**ACTIVITY**
Your answer must be an exact copy of the data below, minus any pictures.

**SOURCE MATERIAL**

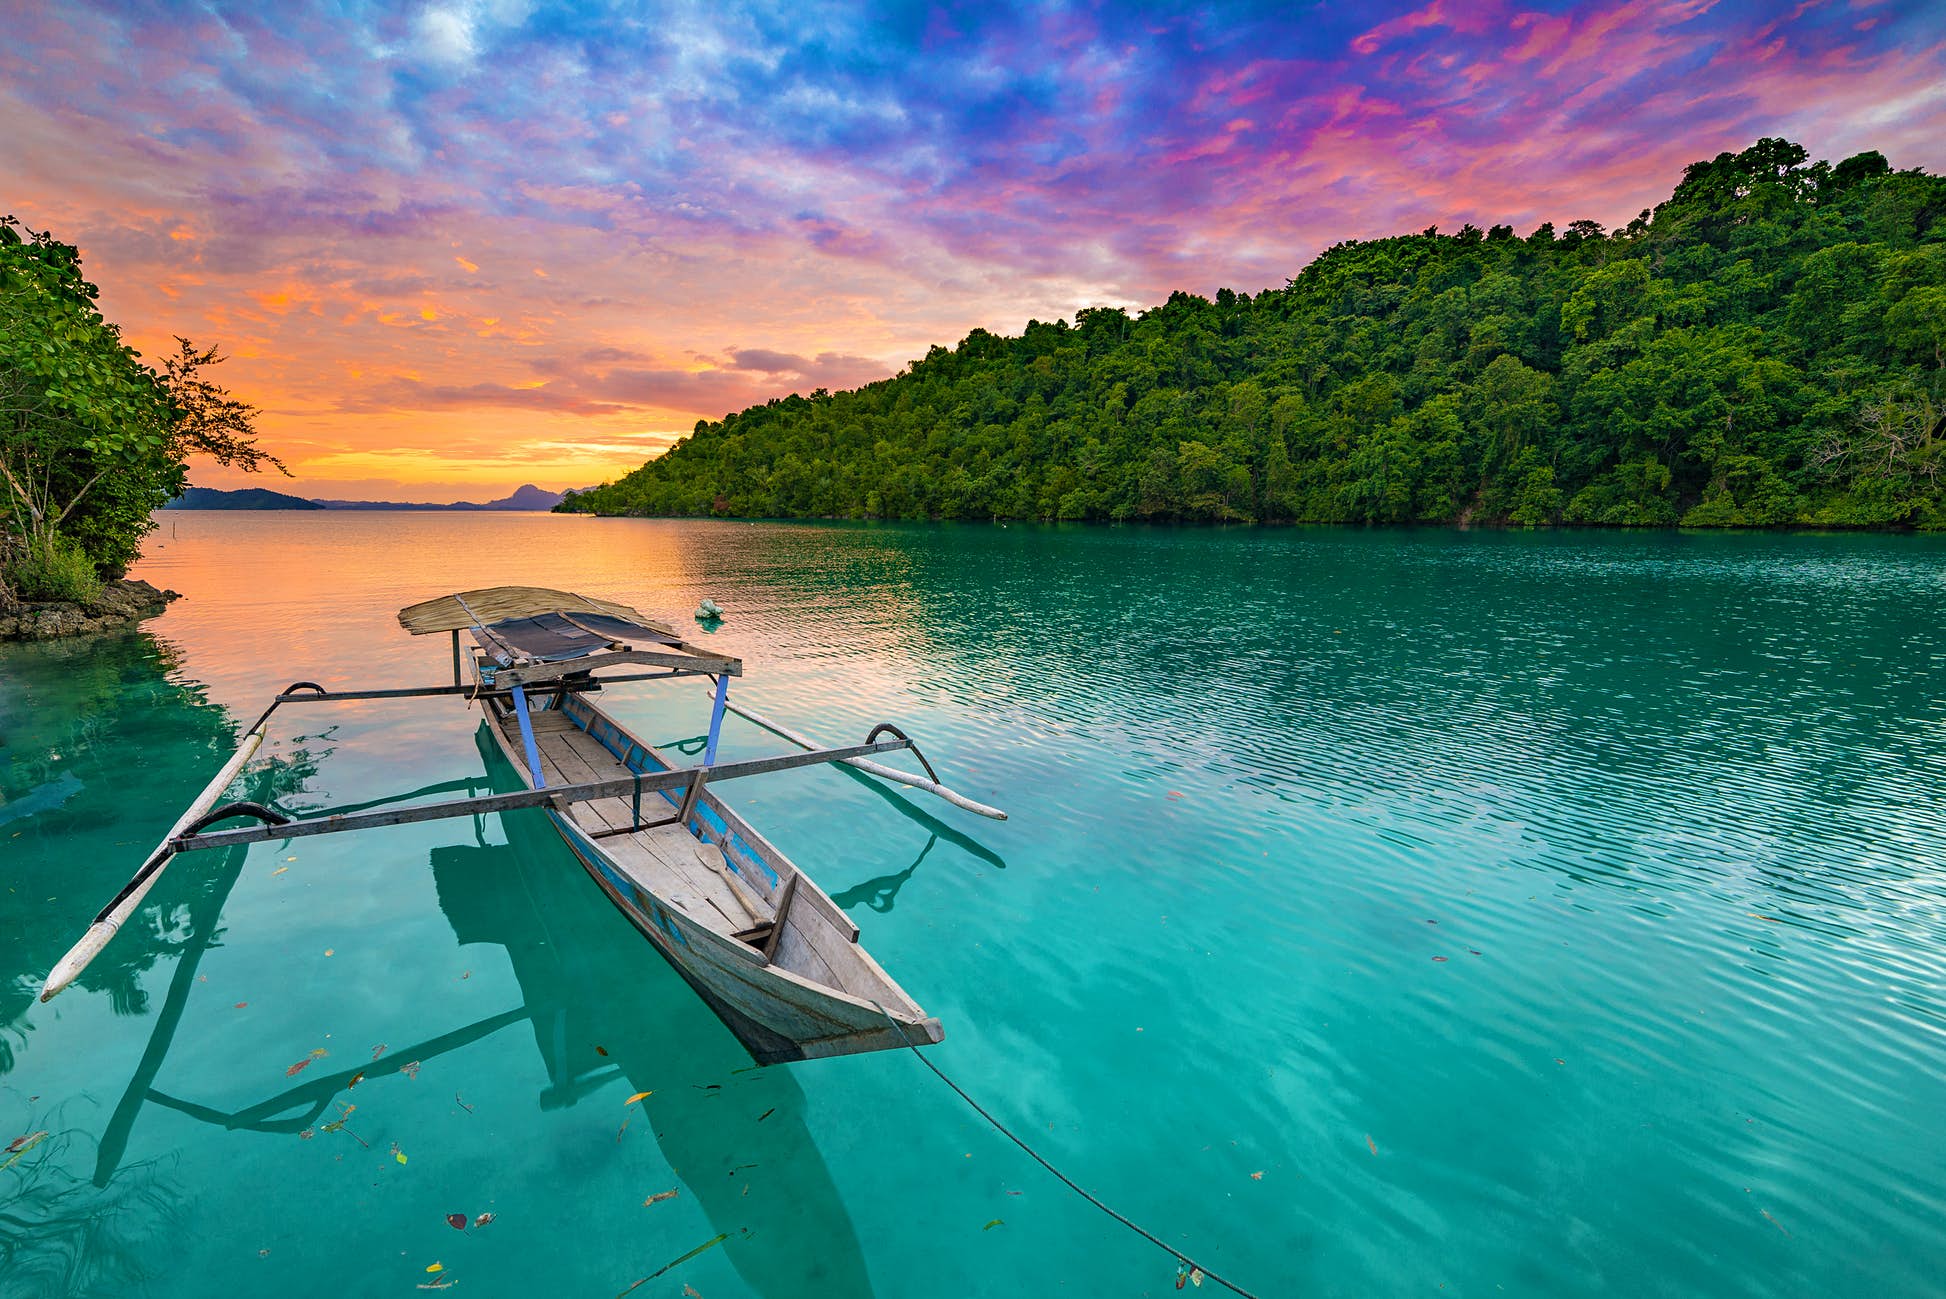 A small boat on still water during sunset at the Togian Islands. ©Fabio Lamanna/Shutterstock
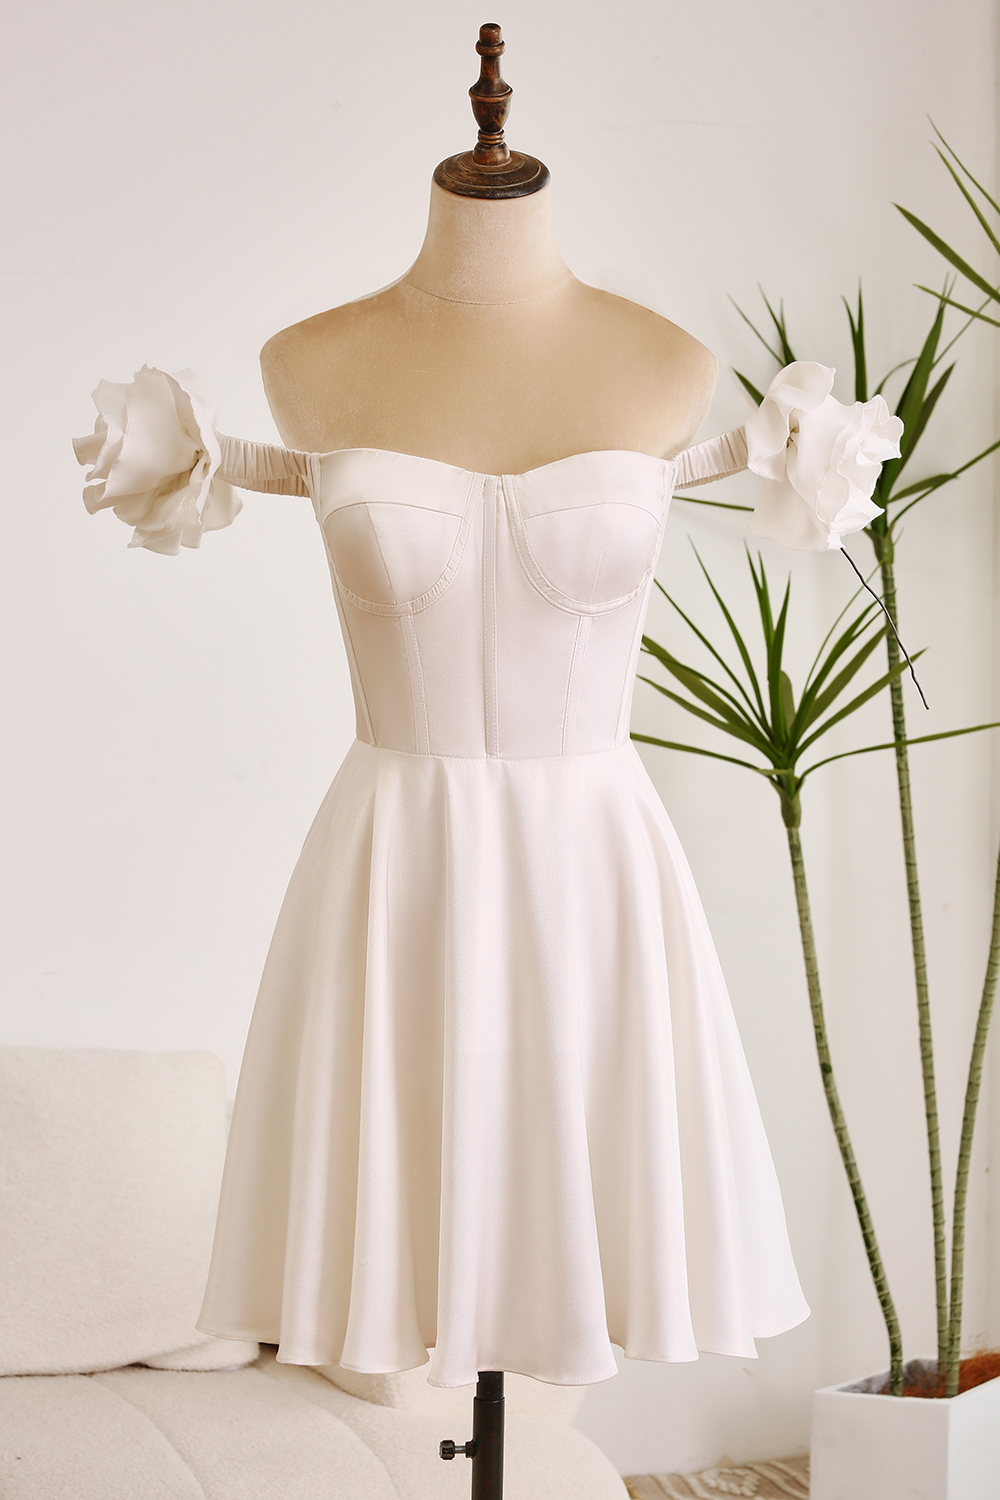 White A-Line Off The Shoulder Short Graduation Dress with Flowers
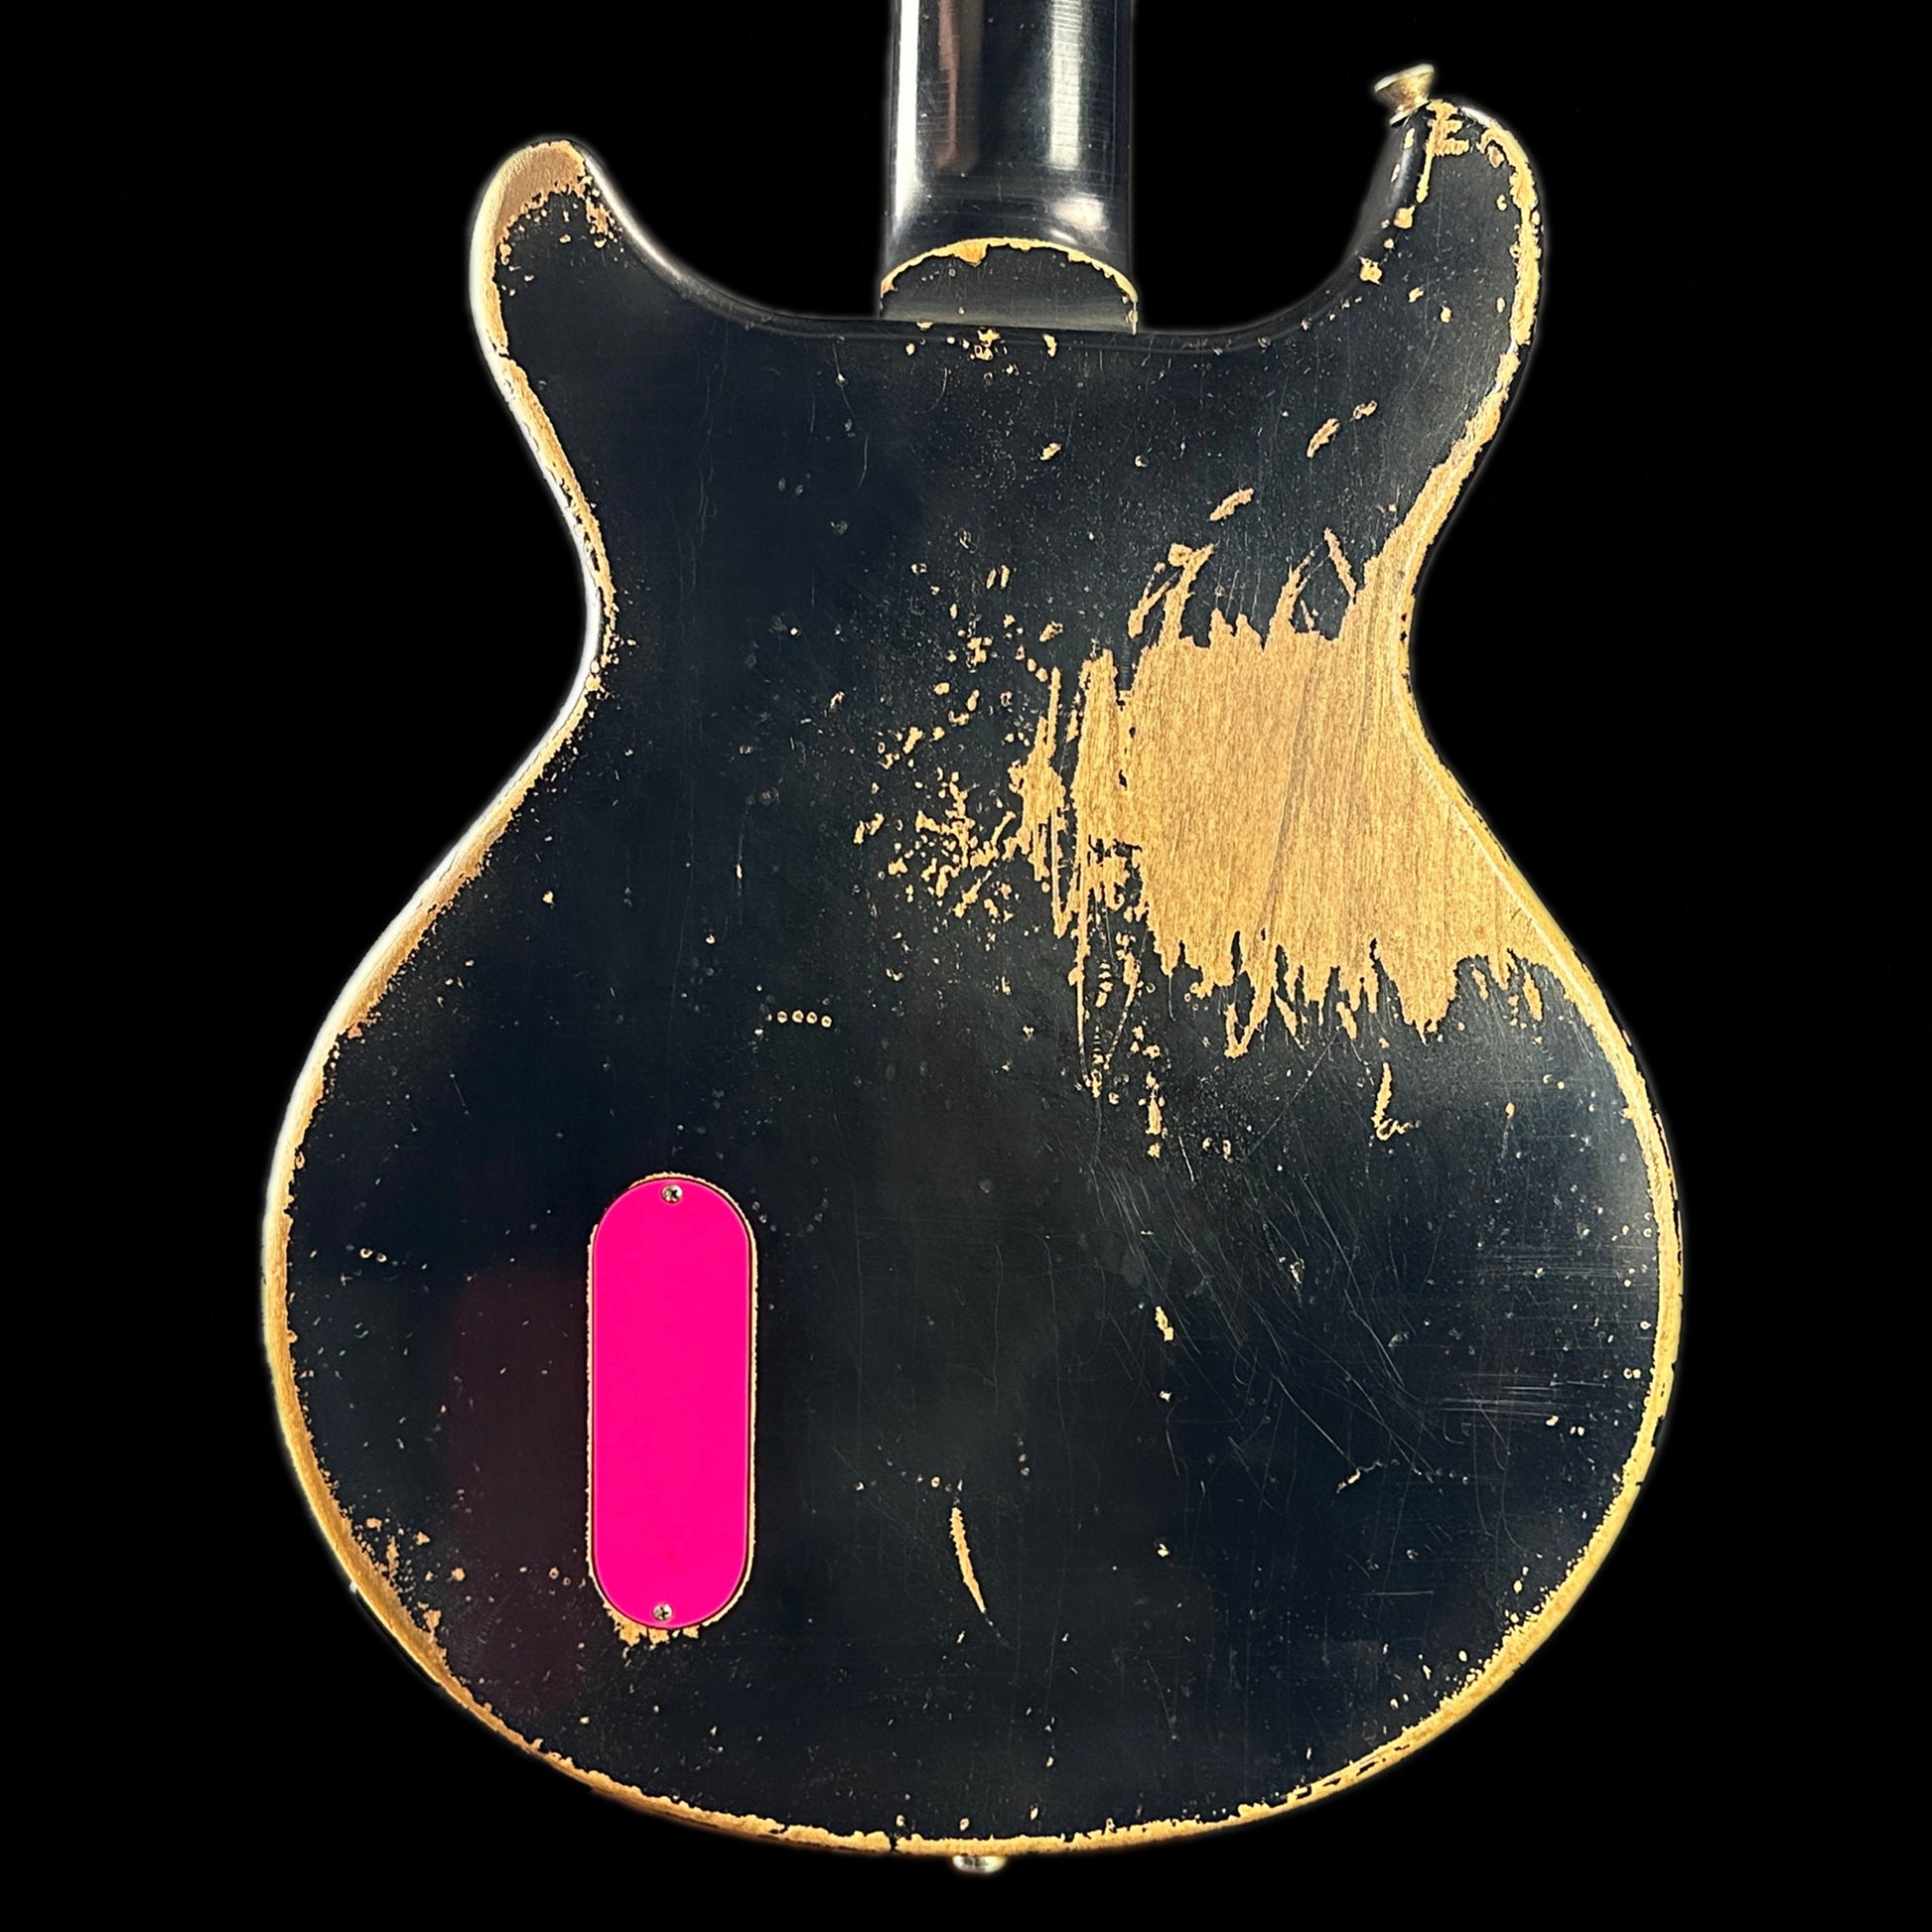 Back of body of Rock N Roll Relics Thunders DC Black w/Pink.

**RESULT FOR THIS TASK**
 A small boat on still water during sunset at the Togian Islands. ©Fabio Lamanna/Shutterstock
 White A-Line Off The Shoulder Short Graduation Dress with Flowers
 Back of body of Rock N Roll Relics Thunders DC Black w/Pink.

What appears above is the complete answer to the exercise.